Avec cette version plus élégante de l’équation, les chercheurs n’auraient qu’à rechercher les valeurs de d et z qui garantiraient la recherche des solutions ultimes à x, y et z, pour k = 3. Mais encore, l’espace des nombres qu’ils auraient à parcourir serait infiniment grand.

Ainsi, les chercheurs ont optimisé l’algorithme en utilisant des techniques mathématiques de “tamisage” pour réduire considérablement l’espace des solutions possibles pour d.

«Cela implique une théorie des nombres assez avancée, utilisant la structure de ce que nous savons sur les champs de nombres pour éviter de chercher dans des endroits que nous n’avons pas besoin de regarder», dit Sutherland.

Une tâche globale

L’équipe a également développé des moyens de diviser efficacement la recherche de l’algorithme en centaines de milliers de flux de traitement parallèles. Si l’algorithme avait été exécuté sur un seul ordinateur, il aurait fallu des centaines d’années pour trouver une solution à k = 3. En divisant le travail en millions de tâches plus petites, chacune exécutée indépendamment sur un ordinateur distinct, l’équipe pourrait encore accélérer sa recherche.

En septembre 2019, les chercheurs ont mis leur plan en jeu via Charity Engine, un projet qui peut être téléchargé en tant qu’application gratuite sur n’importe quel ordinateur personnel, et qui est conçu pour exploiter toute la puissance de calcul domestique disponible pour résoudre collectivement des problèmes mathématiques difficiles. À l’époque, le réseau de Charity Engine comprenait plus de 400 000 ordinateurs à travers le monde, et Booker et Sutherland ont pu exécuter leur algorithme sur le réseau pour tester la nouvelle plate-forme logicielle de Charity Engine.

«Pour chaque ordinateur du réseau, leur dit-on,« votre travail consiste à rechercher des d dont le facteur premier se situe dans cette plage, sous réserve de certaines autres conditions »», explique Sutherland. “Et nous avons dû trouver comment diviser le travail en environ 4 millions de tâches qui prendraient chacune environ trois heures à un ordinateur.”

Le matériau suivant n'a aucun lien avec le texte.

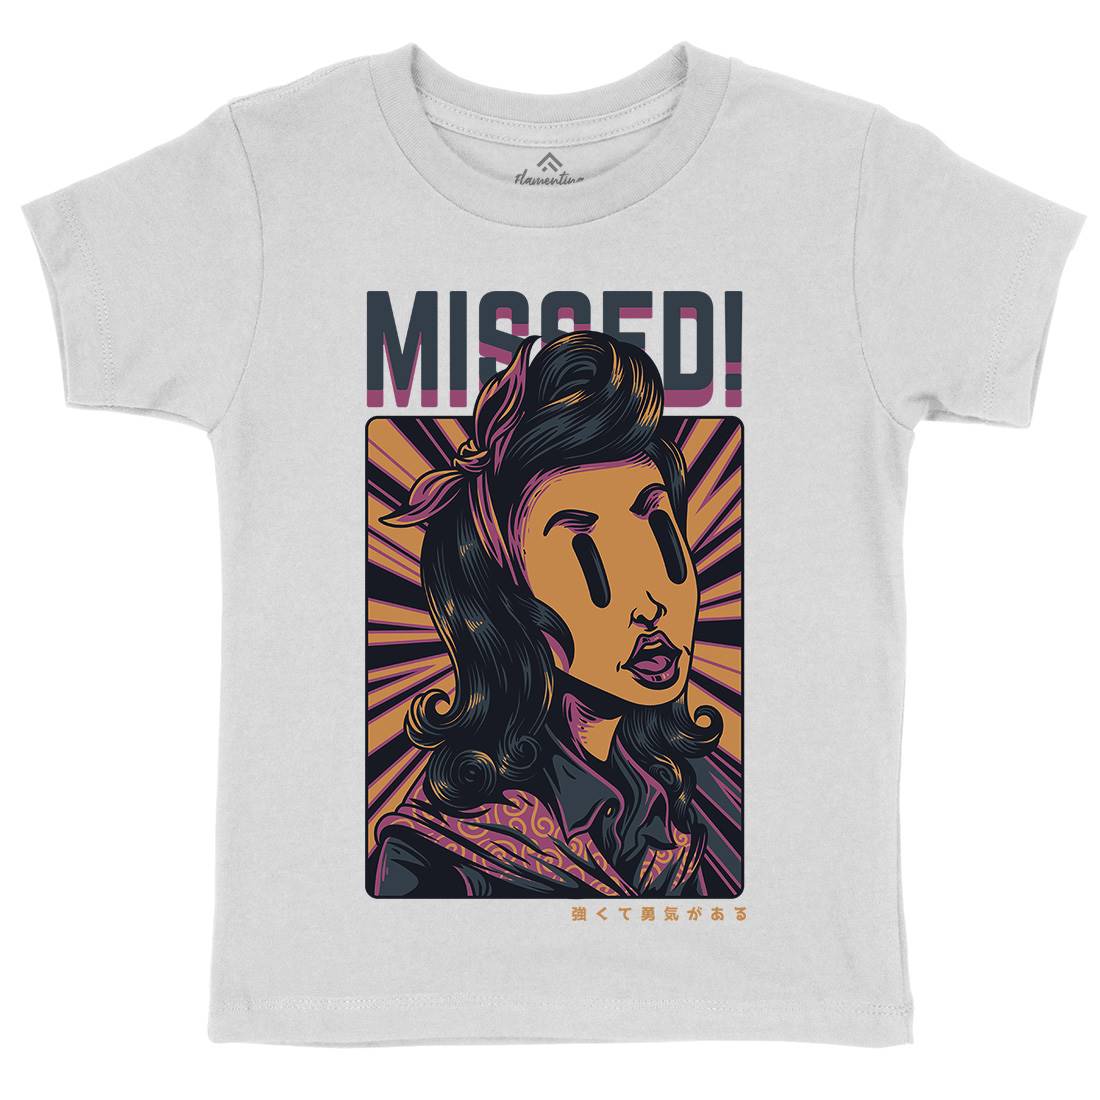 Missed Girl Kids Crew Neck T-Shirt Retro D654

Très rapidement, la grille globale a renvoyé la toute première solution à k = 42, et à peine deux semaines plus tard, les chercheurs ont confirmé avoir trouvé la troisième solution pour k = 3 – un jalon qu’ils ont marqué, en partie, en imprimant l’équation sur des t-shirts.

Le fait qu’il existe une troisième solution à k = 3 suggère que la conjecture originale de Heath-Brown était juste et qu’il y a infiniment plus de solutions au-delà de la plus récente. Heath-Brown prédit également que l’espace entre les solutions augmentera de manière exponentielle, parallèlement à leurs recherches. Par exemple, plutôt que les valeurs à 21 chiffres de la troisième solution, la quatrième solution pour x, y et z impliquera probablement des nombres avec 28 chiffres époustouflants.

«La quantité de travail que vous avez à faire pour chaque nouvelle solution augmente d’un facteur de plus de 10 millions, donc la prochaine solution pour 3 nécessitera 10 millions de fois 400 000 ordinateurs pour être trouvée, et il n’y a aucune garantie que ce soit encore suffisant», déclare Sutherland . “Je ne sais pas si nous connaîtrons un jour la quatrième solution. Mais je crois que c’est là-bas.”